En múltiples especies, el dimorfismo sexual es notorio pues, salvo mutaciones específicas, no hay patas mandarín con plumaje adornado, ni leonas con melena, ni gorilas musculosas, ni pavas reales con llamativas colas. En cambio, el DSH presenta mucho solapamiento: pese a que en promedio los hombres son más fuertes que las mujeres, también hay muchas mujeres más fuertes que muchos hombres.

En primates, el dimorfismo sexual en fuerza o resistencia no resulta únicamente de la selección sexual, sino de factores como la dieta, la divergencia de nichos o hasta la ubicación geográfica (Plavcan, 2001; Ruff, 2002). En seres humanos, dado que somos primates, ocurre lo mismo. Si de talla hablamos, es probable que la mayoría de mujeres de los Países Bajos o Letonia sean más altas que la mayoría de hombres de Yemen o Nepal. El DSH no sigue un patrón universal.

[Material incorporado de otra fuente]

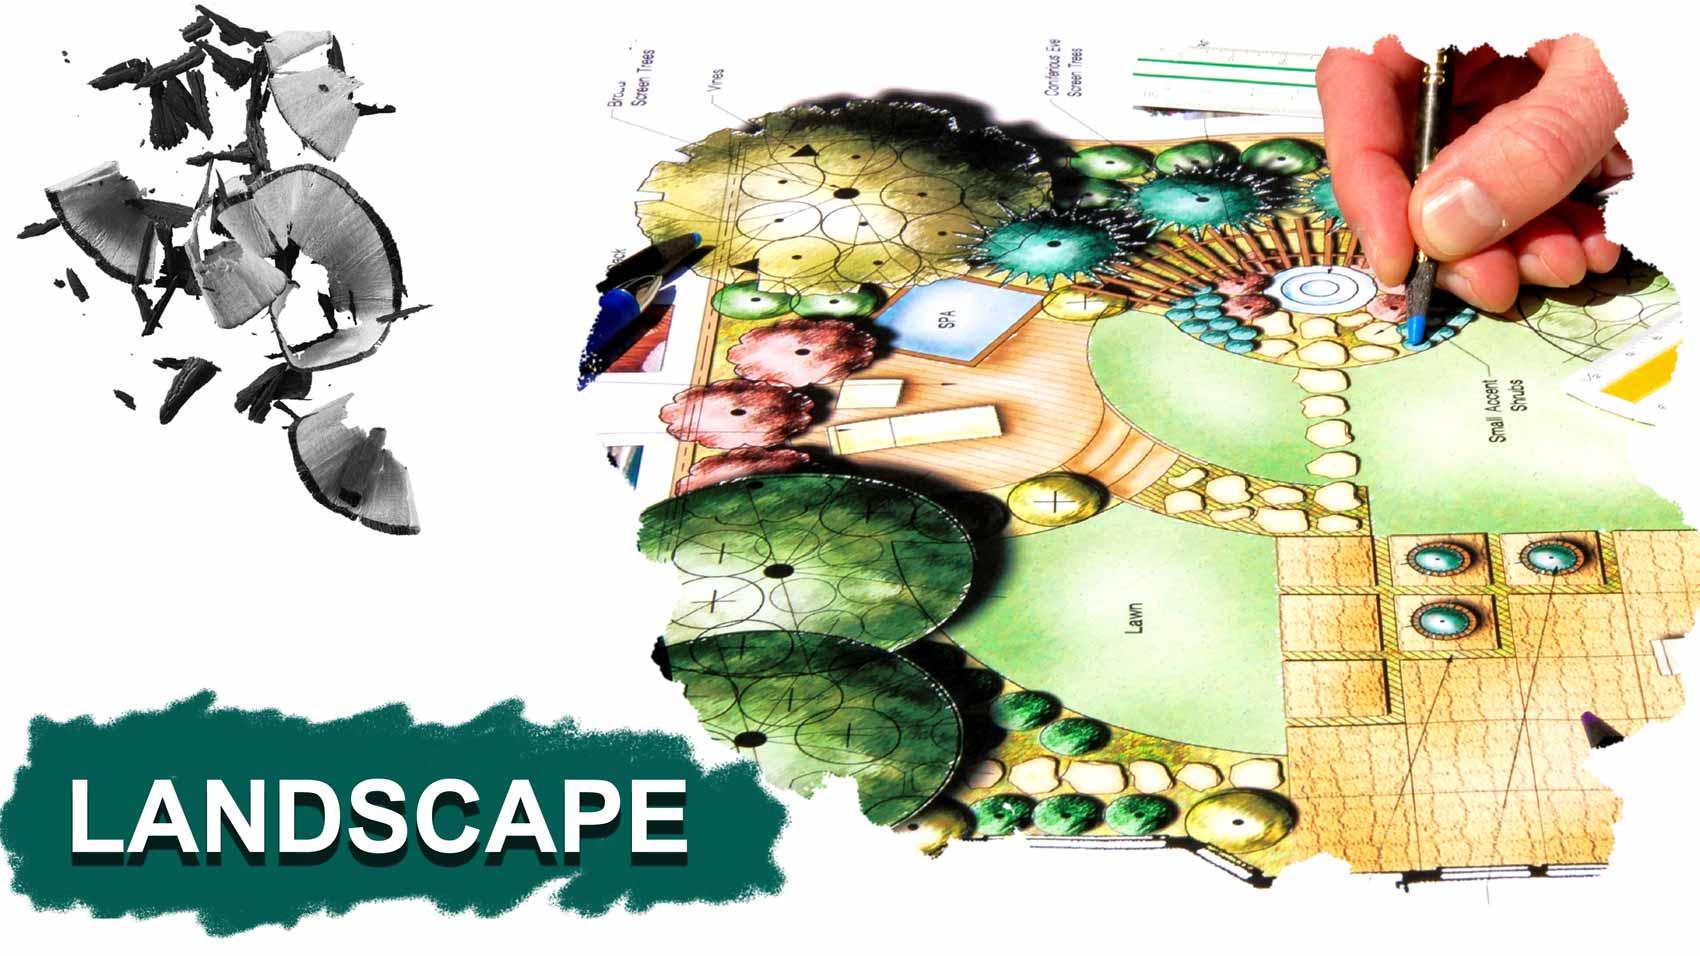 land s2 - ۱۰ نکته مهم در طراحی landscape

A ello se suma que los rasgos dimórficos del hombre (mayor fuerza, resistencia o densidad ósea) carecen de función reproductiva. Un reciente estudio mostró que, al momento de elegir pareja, las mujeres enfatizan en el estatus socioeconómico (Walter, Conroy-Beam, Buss, 2020). Es decir, las hembras humanas no eligen pareja según factores biológicos, sino factores culturales. Esto permite cuestionar si los humanos somos realmente una especie dimórfica.

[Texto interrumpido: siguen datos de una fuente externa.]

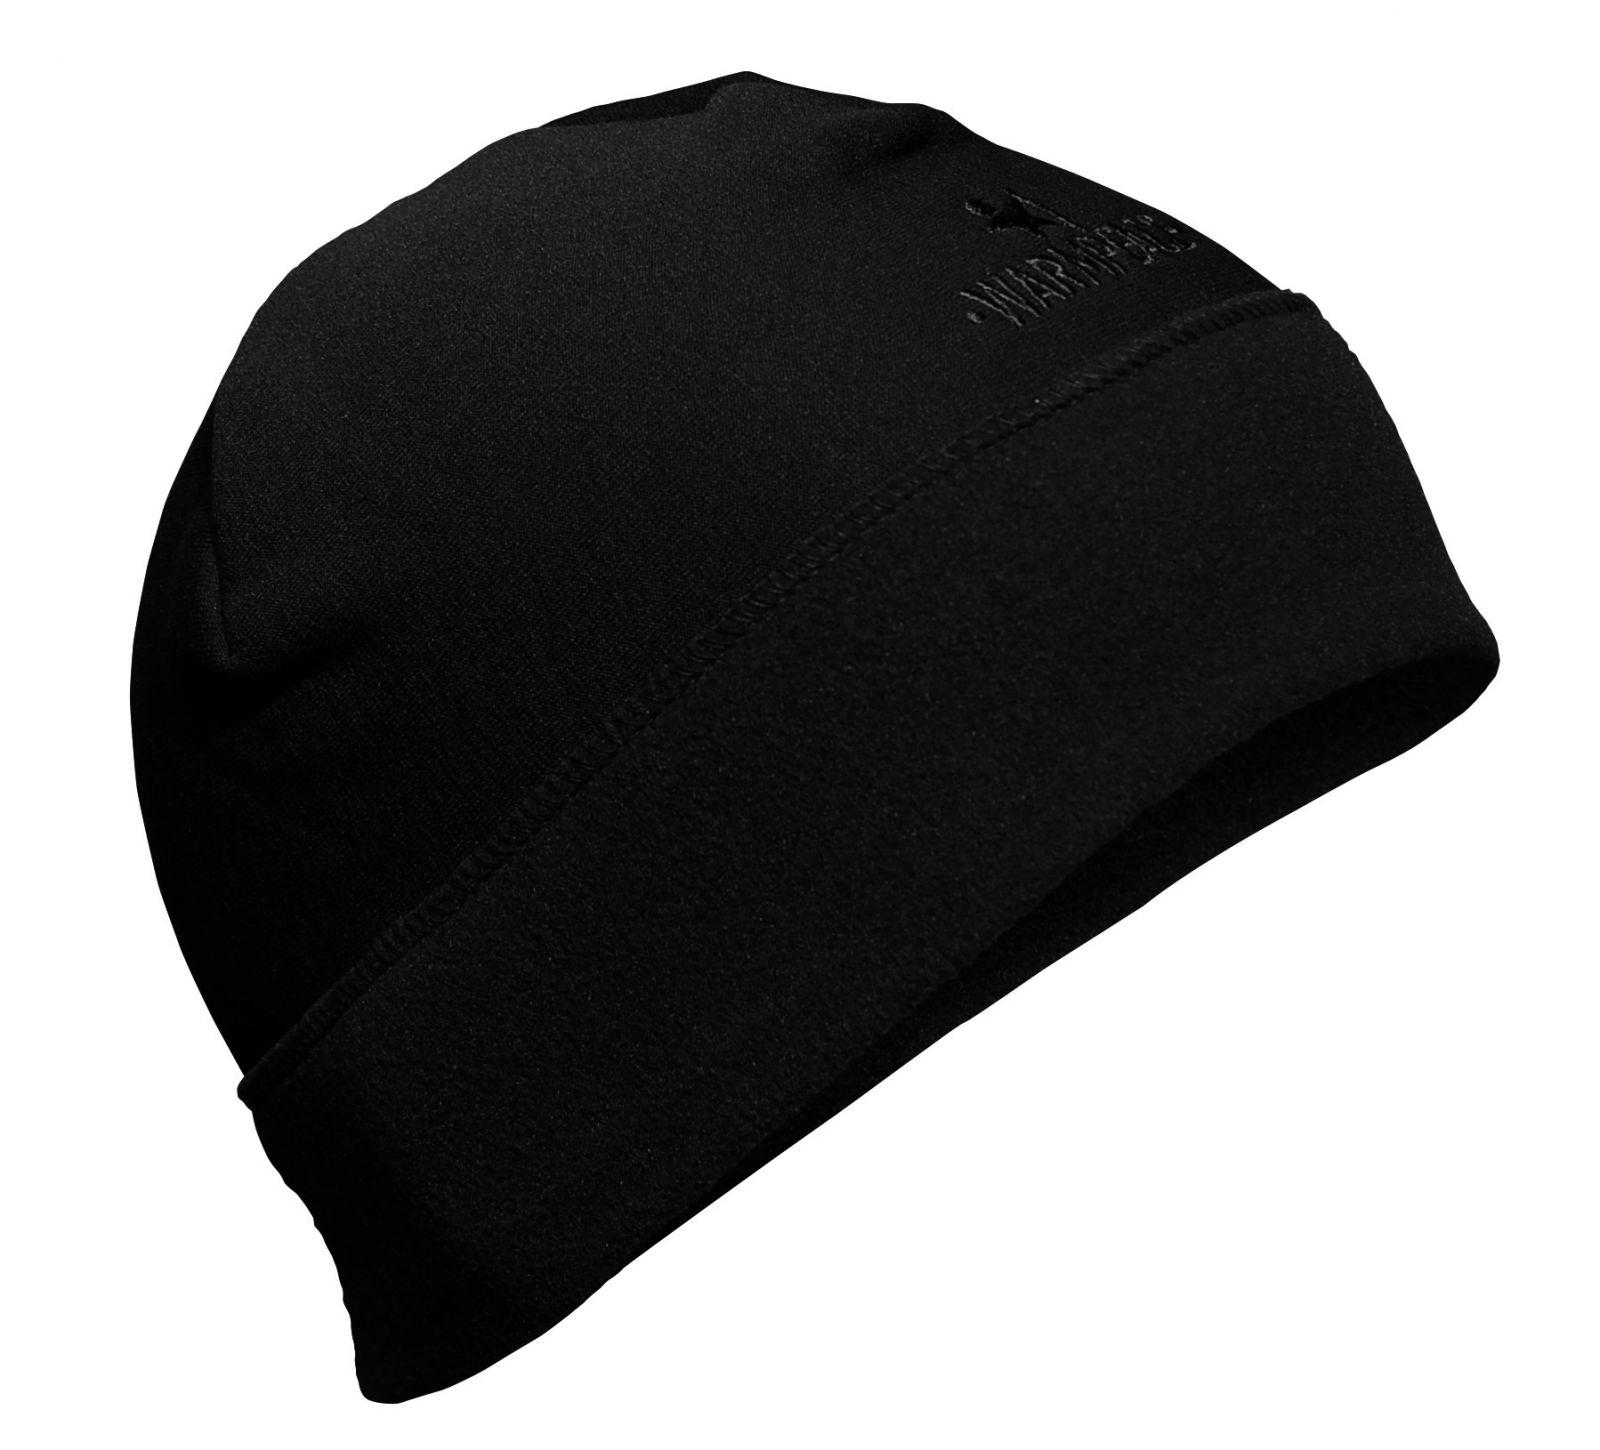 Tazz-Sport - Warmpeace Skip black čepice Polartec Powerstretch

El dimorfismo sexual explica por qué machos y hembras actúan de forma distinta. No obstante, en seres humanos, la cosa cambia. Buena evidencia indica que los roles de género (presentes en muchas sociedades) pueden haber reducido el DSH en ciertos rasgos anatómicos y haberlo aumentado en otros (Freyer y Wolpoff, 1985; Plavcan, 2012). Esto permite concluir que somos una especie más culturalmente dimórfica, que biológicamente dimórfica.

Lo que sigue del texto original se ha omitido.